Cost guidance: Haiku-class models (Claude Haiku, GPT-4o-mini) are 10–20× cheaper than flagship models and handle most classification, extraction, and light reasoning tasks. Reserve Sonnet/Opus/GPT-4o for tasks that measurably need them.

The LLM Abstraction Principle¶

The AgentArmy roadmap (Play 5) says: consume, abstract provider, avoid lock-in, stay multi-vendor.

In practice this means:

# BAD — hardcoded provider
from anthropic import Anthropic
client = Anthropic()

# GOOD — parameterized via env var + abstraction layer
import litellm  # or Vercel AI SDK, LangChain, custom wrapper
response = litellm.completion(
    model=os.environ["LLM_MODEL"],  # e.g. "claude-3-5-sonnet-latest" or "gpt-4o"
    messages=[...]
)

Options for the abstraction layer: - Vercel AI SDK (ai npm) — provider-agnostic, built for streaming, ideal for Vercel spokes - LiteLLM (Python) — unified OpenAI-compatible API across 100+ providers - LangChain — broader orchestration, more abstraction overhead - Custom env-var wrapper — for simple spokes that call one model at a time

Set LLM_PROVIDER and LLM_MODEL as environment variables per spoke environment.
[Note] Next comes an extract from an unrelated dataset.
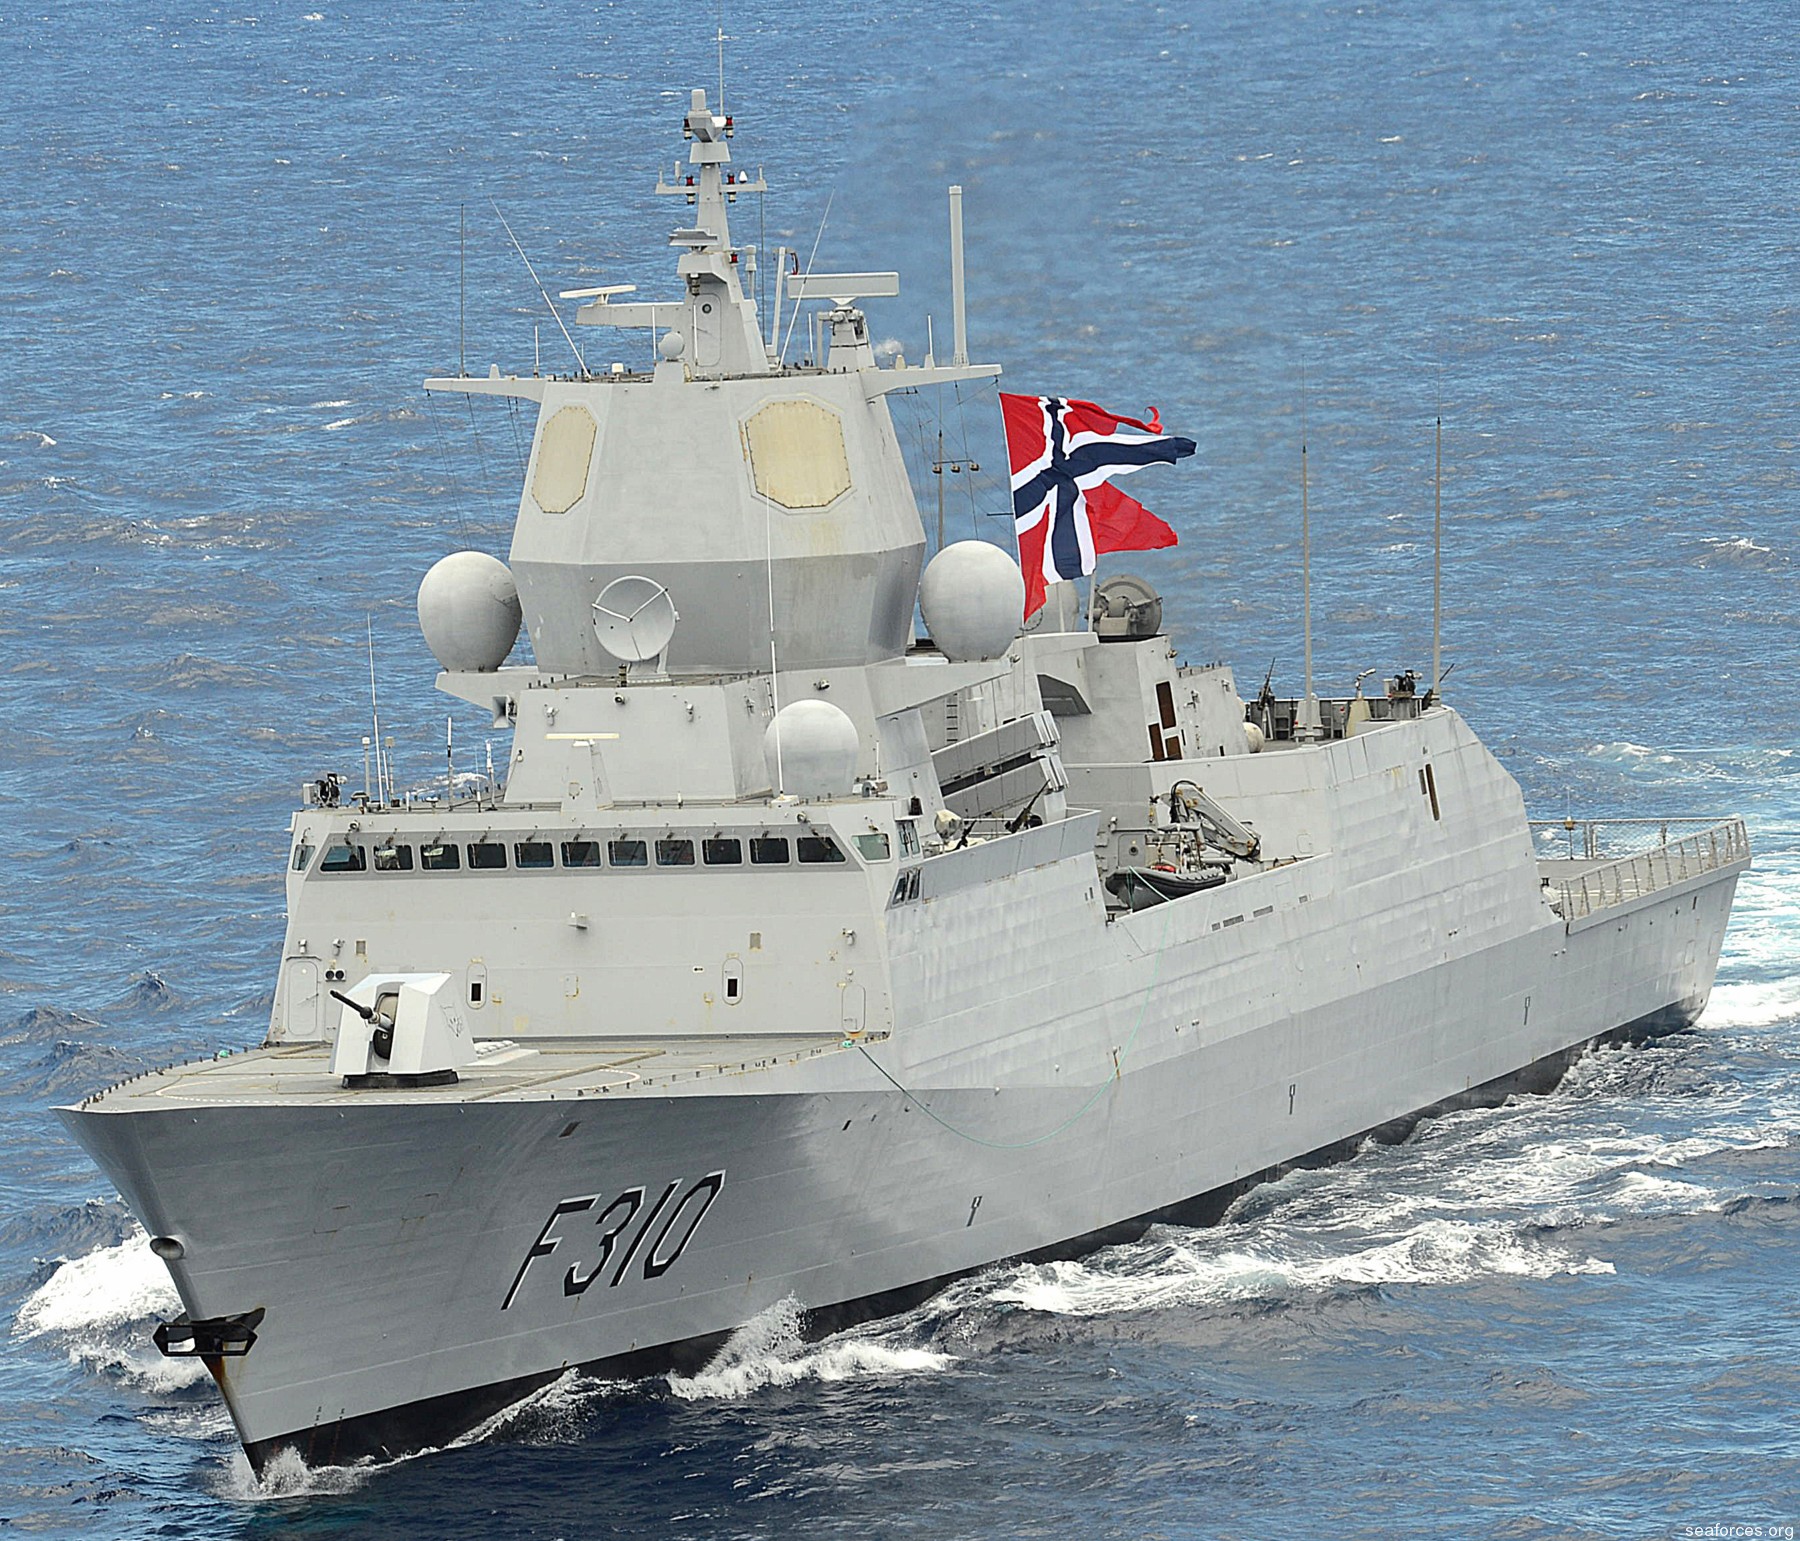 f-310 fridtjof nansen hnoms knm frigate royal norwegian navy sjoforsvaret 12

The model changes in config, not code.

Which Agent to Use¶

Scenario	Agent
GCP infrastructure (Cloud Run, Cloud SQL, GKE, IAM, Vertex AI, Cloud Build)	`gcp-infra-engineer`
AWS infrastructure (Fargate, RDS, Bedrock, EKS, CDK/CloudFormation, IAM/SCP)	`aws-infra-engineer`
Azure infrastructure (Container Apps, Bicep, Entra ID, Azure OpenAI)	`azure-infra-engineer`
Vercel platform (Functions, Postgres/KV/Blob, edge middleware, monorepo, AI SDK)	`vercel-engineer`
Multi-cloud strategy, cloud provider selection, landing zone design	`cloud-architect`
LLM system design, RAG, multi-model orchestration, inference serving	`llm-architect`
Cloud cost governance, unit economics, RI/Savings Plan commitments	`finops-engineer`
IaC module design, Terraform state management, Terragrunt orchestration	`terraform-engineer`

Coming Soon (Backlog)¶

These features are tracked as GitHub Issues on the project board:

IaC starter templates — Terraform modules for Cloud Run + Cloud SQL, Fargate + RDS, Container Apps
Spoke stack builder — a CLI/Actions workflow that scaffolds a new spoke with provider-specific IaC and pipelines
CI/CD workflow templates — reusable deploy-gcp.yml, deploy-aws.yml, deploy-vercel.yml for spoke repos
LLM provider abstraction layer — shared wrapper library for RT2 Play 5
Cloud-native CI/CD research spike — GCP Cloud Build/Deploy vs AWS CodePipeline vs GitHub Actions evaluation

Azure Dev Container Lane¶

For Azure-first spoke development, use Azure Container Apps Dev Deploy. It pairs a trusted local PC or self-hosted runner with Azure Container Registry and Azure Container Apps Dev, while keeping production promotion as a separate environment-gated workflow.

For multi-cloud lifecycle routing, use Lifecycle Promotion Management. It defines the local Docker gate and target-adapter pattern that can route a spoke to Azure Container Apps, GCP Cloud Run, Vertex AI Agent Engine, or future runtime targets.